Exercise description: Start at the line that contains "Flight Attendant by Frontier Airlines" in the listing below and extract every line through the last, exactly; leave pictures out.

-- Supplied data follows --

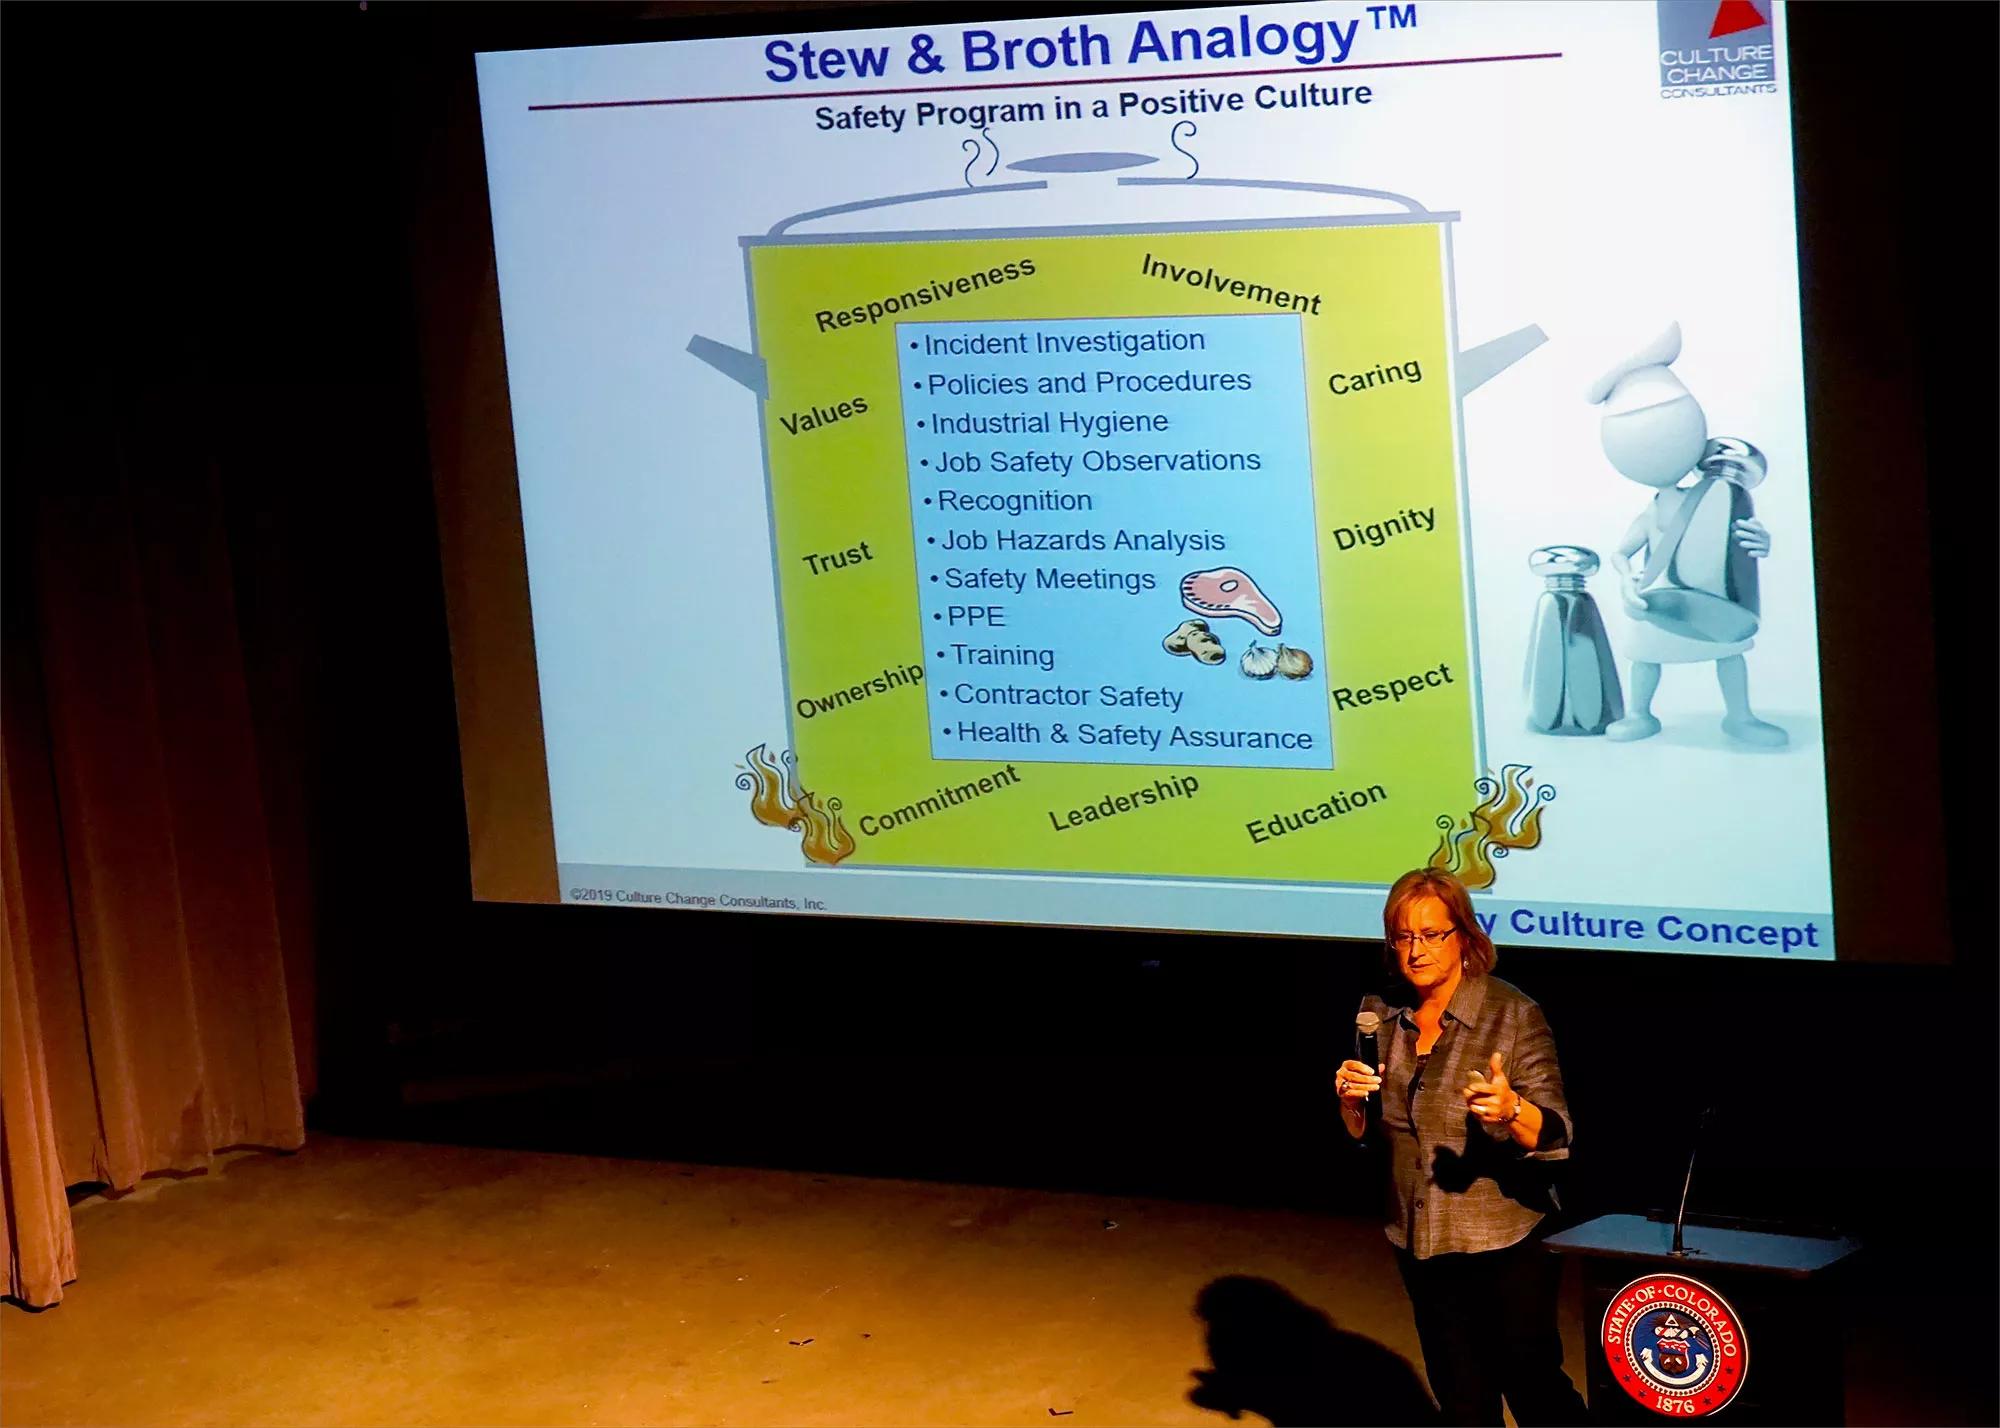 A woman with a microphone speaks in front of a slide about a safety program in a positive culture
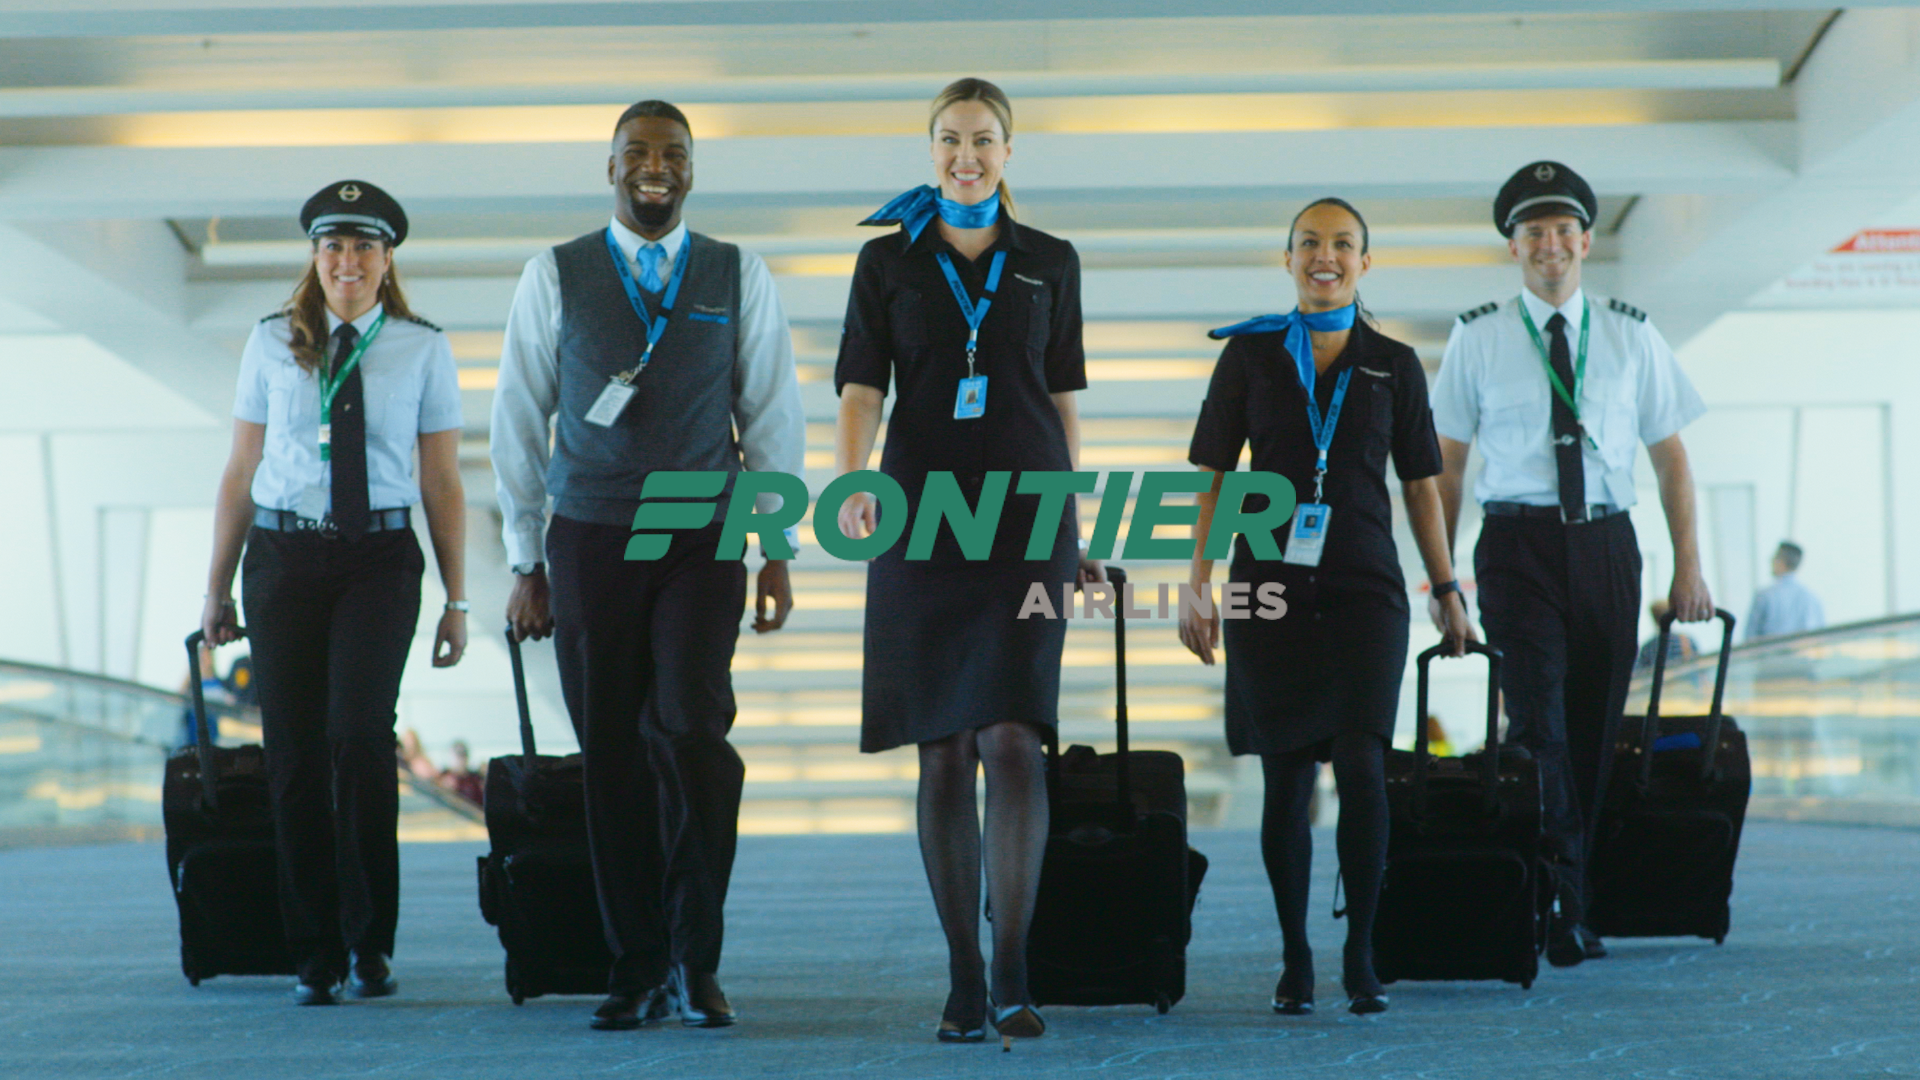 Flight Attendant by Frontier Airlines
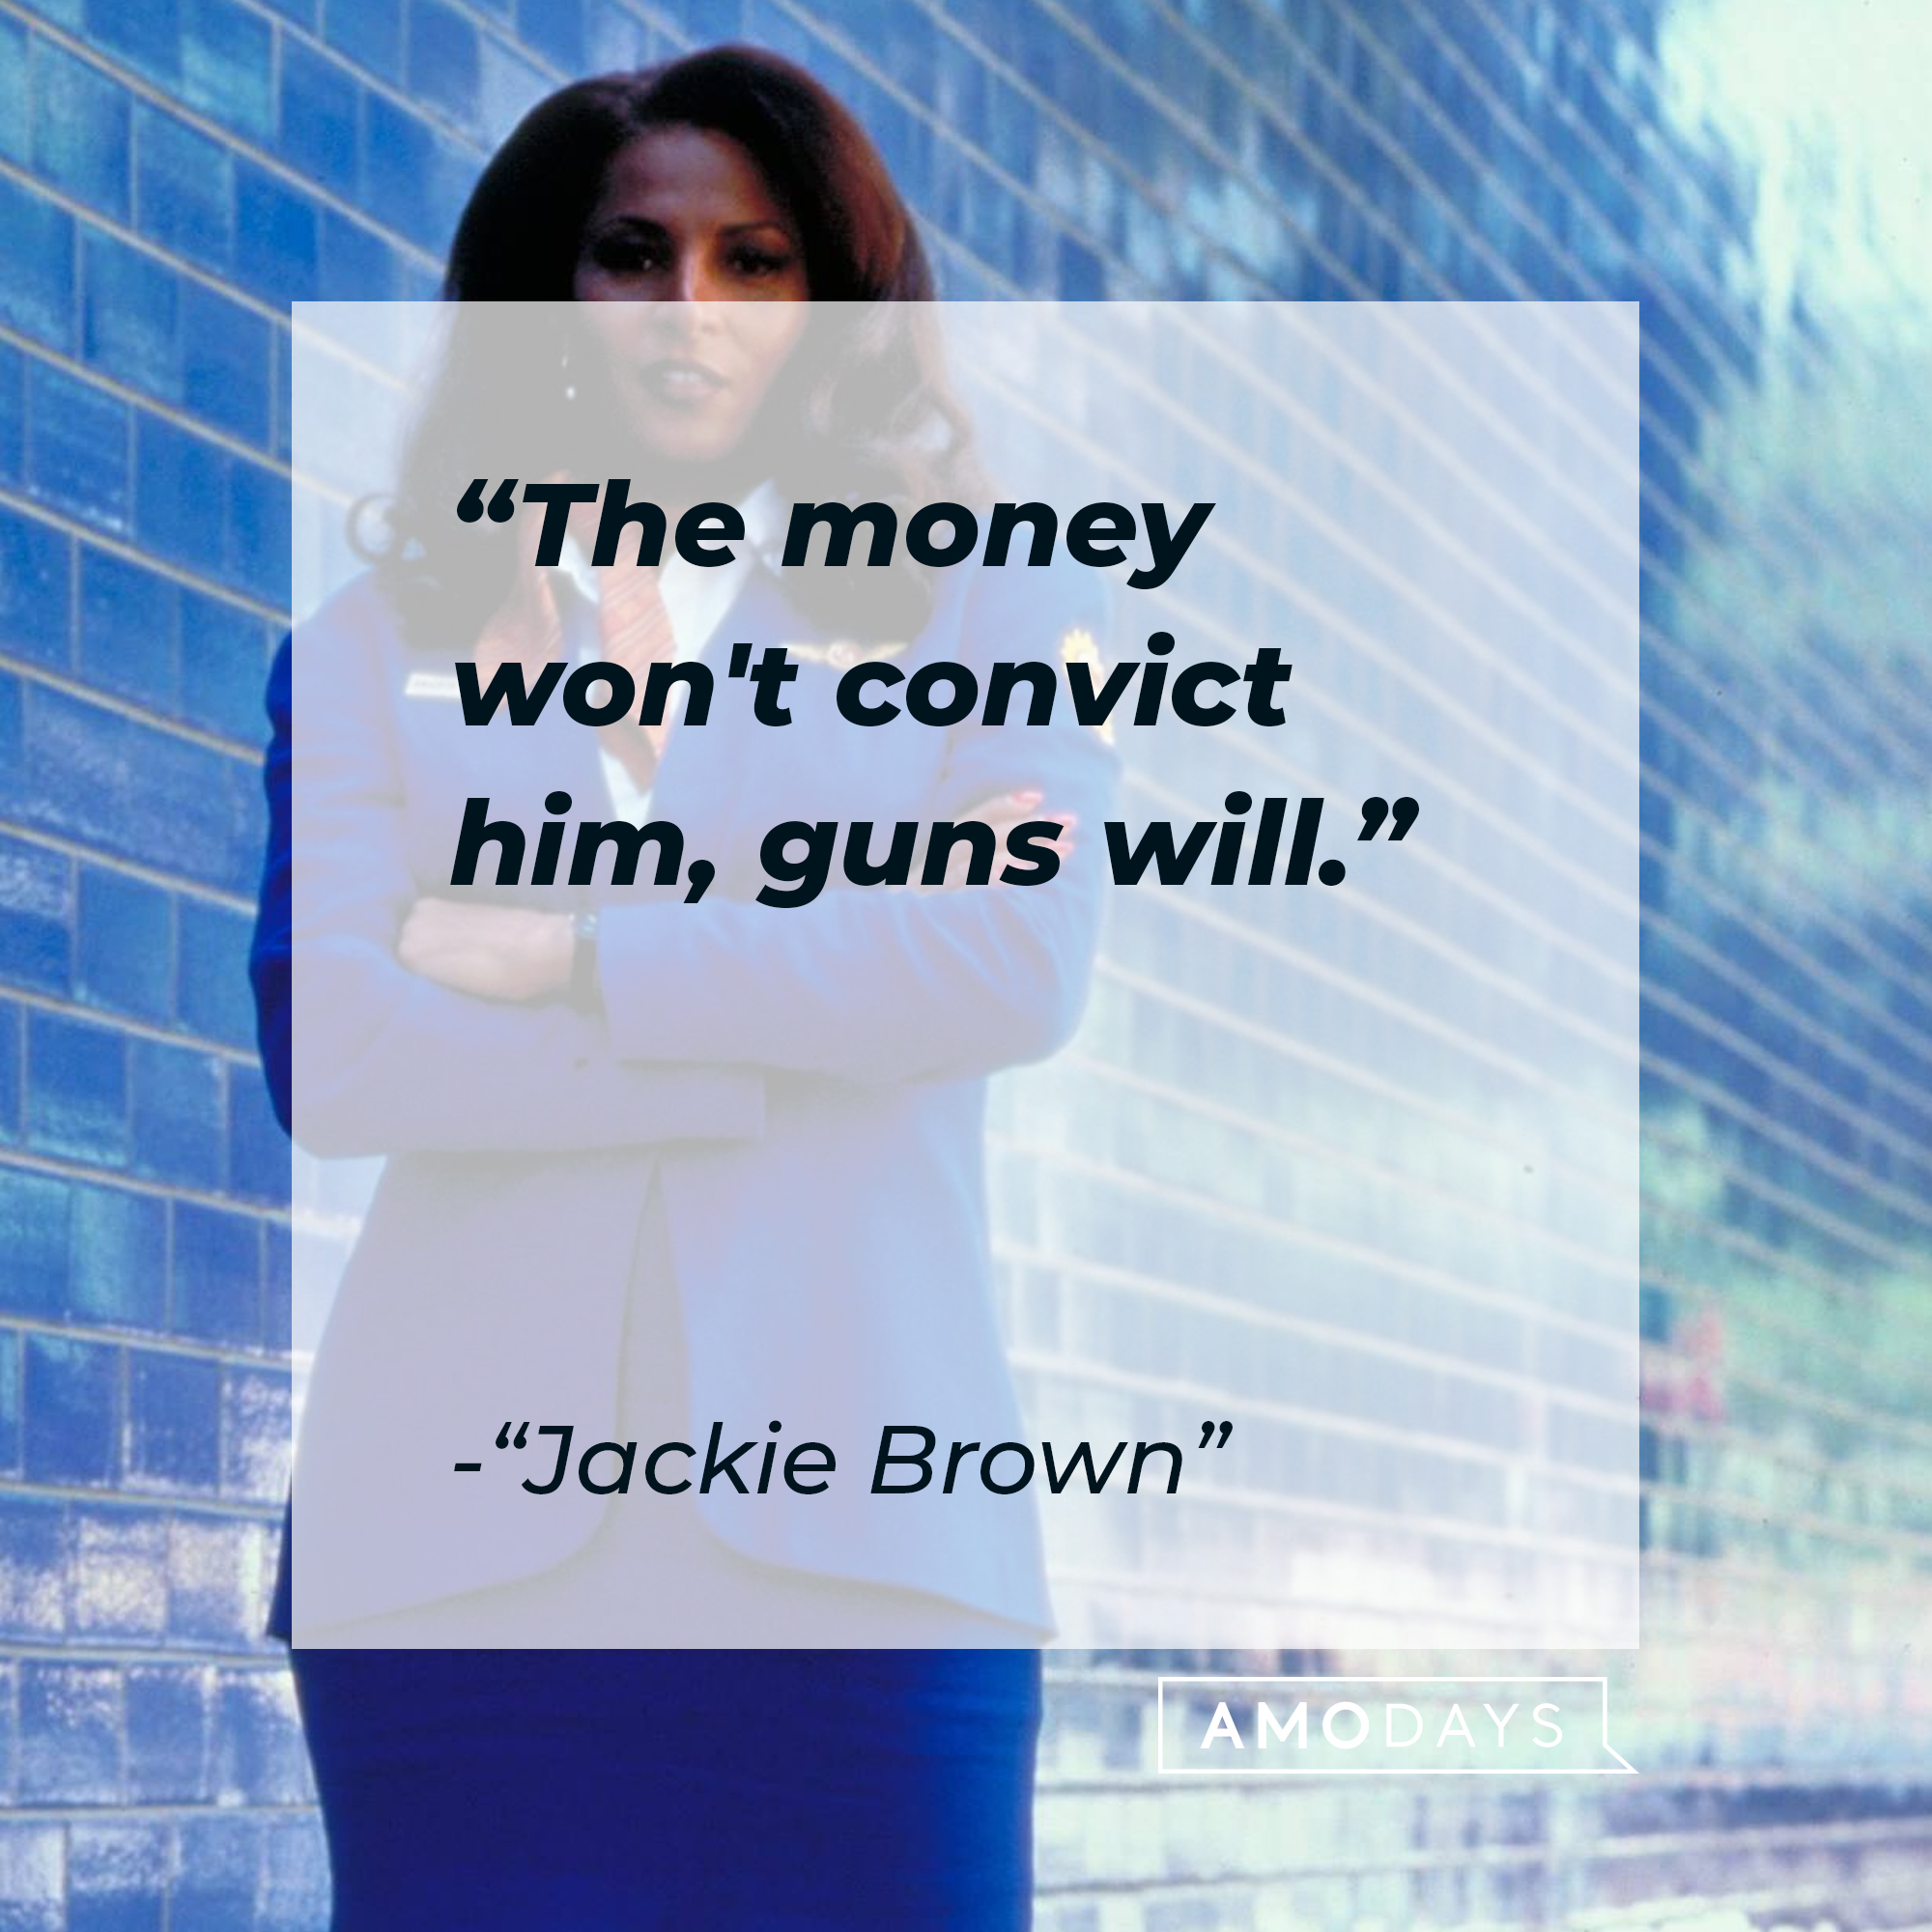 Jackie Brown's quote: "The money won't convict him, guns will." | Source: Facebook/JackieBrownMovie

-- Supplied data concluded --

Solution to this task:
 Flight Attendant by Frontier Airlines
 Jackie Brown's quote: "The money won't convict him, guns will." | Source: Facebook/JackieBrownMovie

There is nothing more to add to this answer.